1 A firecrown is a hummingbird native to Chile and Argentina. The reasons this software is named Firecrown are now lost to the mists of history.
2 A software framework is an abstraction in which software providing generic functionality can be selectively changed by additional user-written code, thus providing application-specific software. Definition from Wikipedia.
Note that Firecrown itself does not do sampling, nor does it run the sampling frameworks. Instead, whichever sampling framework you are using calls (through the Firecrown connector code) the Firecrown likelihood you configure.
Firecrown can also be used as a tool inside another framework. For example, it is directly used by the DESC forecasting and inference tool Augur. Augur uses Firecrown to calculate observations predicted by theory (“theory vectors”) and likelihoods for those observations, and from these Augur calculates Fisher matrices. Augur can also use Firecrown to create mock data and to run Markov Chain Monte Carlo (MCMC) parameter estimation on those data.
Firecrown currently supports three statistical frameworks: Cobaya3, CosmoSIS4, and NumCosmo5. Firecrown guarantees that the variety of DESC tools that it uses are instantiated correctly to be consistent with the use of any of these frameworks.
3 Cobaya (code for bayesian analysis, and Spanish for Guinea Pig) is a framework for sampling and statistical modeling: it allows you to explore an arbitrary prior or posterior using a range of Monte Carlo samplers (including the advanced MCMC sampler from CosmoMC, and the advanced nested sampler PolyChord). The results of the sampling can be analyzed with GetDist. It supports MPI parallelization (and very soon HPC containerization with Docker/Shifter and Singularity).

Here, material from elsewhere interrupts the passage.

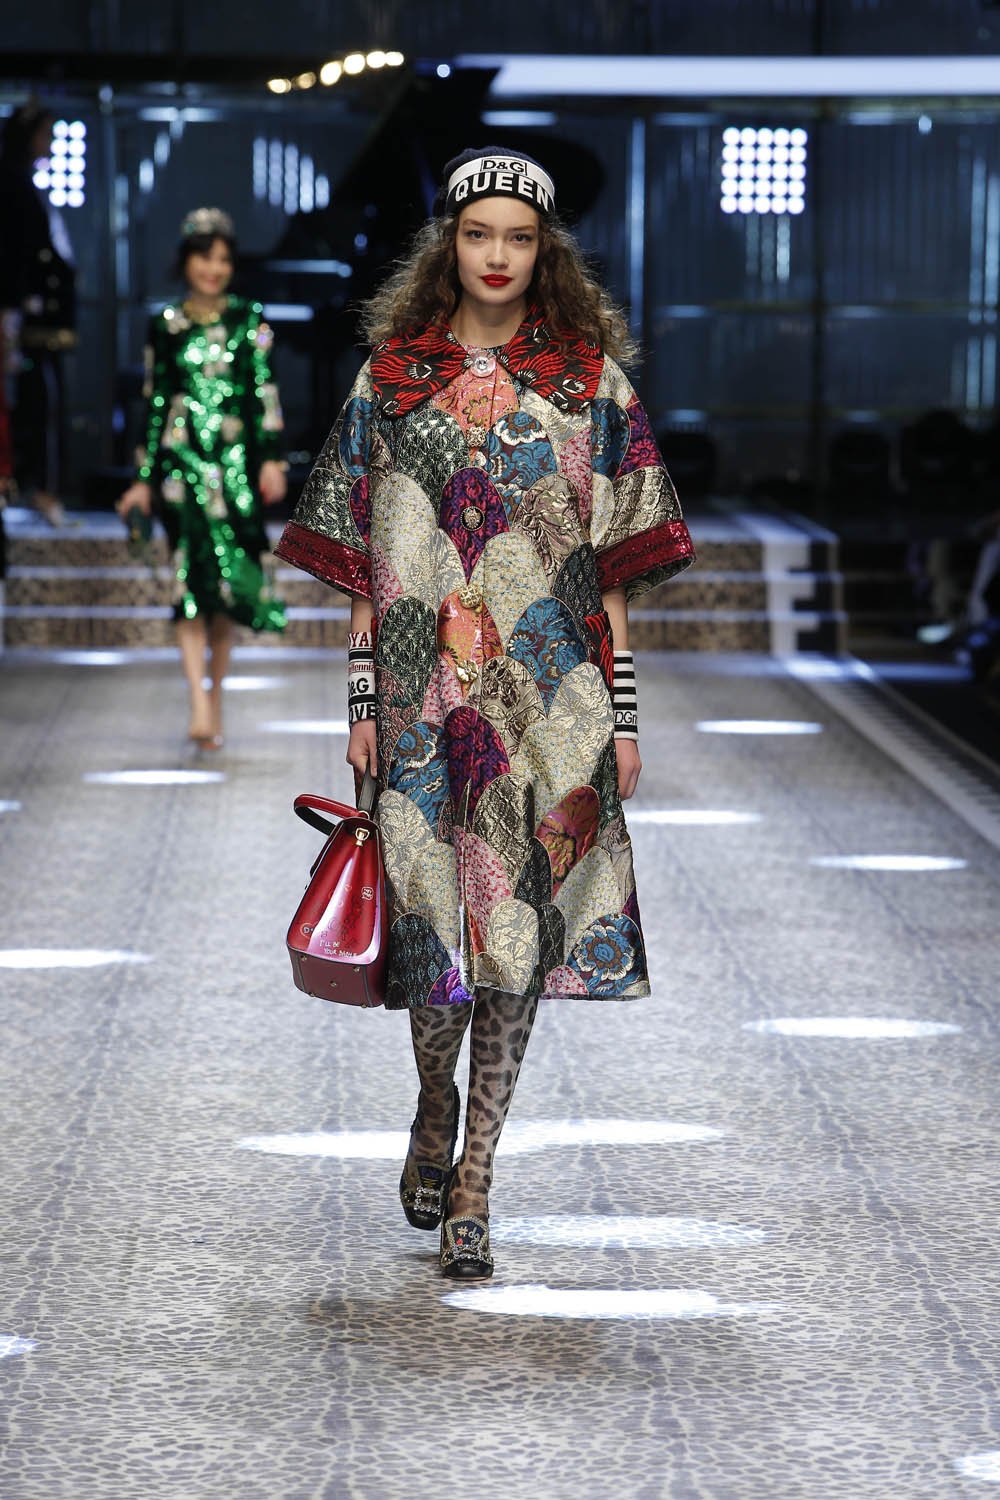 Dolce&Gabbana_women's fashion show fw17-18_Runway_images (12)

4 CosmoSIS is a cosmological parameter estimation code. It is a framework for structuring cosmological parameter estimation with a focus on flexibility, re-usability, debugging, verifiability, and code sharing in the form of calculation modules. It consolidates and connects existing code for predicting cosmic observables, and makes mapping out experimental likelihoods with a range of different techniques much more accessible.
5 NumCosmo is a free software C library whose main purposes are to test cosmological models using observational data and to provide a set of tools to perform cosmological calculations. Particularly, the current version has implemented three different probes: cosmic microwave background (CMB), supernovae type Ia (SNeIa), and large-scale structure (LSS) information, such as baryonic acoustic oscillations (BAO) and galaxy cluster abundance. The code supports joint analyses of these data and the parameter space can include cosmological and phenomenological parameters.
Basic Firecrown concepts
The three most important concepts represented in Firecrown are cosmology, modeling tools, and likelihoods. Each of these concepts is represented by some software artifact in Firecrown.
Firecrown’s concept of cosmology is provided by CCL. CCL provides all the necessary tools for calculating basic cosmological quantities. So everything that is general in cosmology is calculated by CCL, and not by Firecrown itself. This cosmology plays a central role in the set of tools provided to the user.
We also have the concept of modeling tools. These are a set of extra tools which, together with the CCL cosmology, allow one to calculate likelihoods. For example, modeling tools has a member called pt_calculator. When the ModelingTools
is instantiated in the likelihood initialization, the pt_calculator is also instantiated and configured. Then, the same object can be used by different parts of the likelihood. The des_y1_3x2pt_PT
example uses the pt_calculator to calculate the power spectra that are used in the likelihood. Thus, every source
that requires power spectra can use the same pt_calculator object. All the available tools are presented, along with the cosmology, for calculation of the likelihood. Therefore, during a statistical analysis, whenever the likelihood is called, all the objects in the modeling tools have already been updated to represent the “current cosmology” with which they are associated. For the user who wants to calculate a likelihood that is not a Gaussian distribution, these are the only concepts in Firecrown that are needed. But since we are frequently working with Gaussian likelihoods, there are more software tools available for their support. These tools include more constrained likelihoods, statistics, sources, and systematics.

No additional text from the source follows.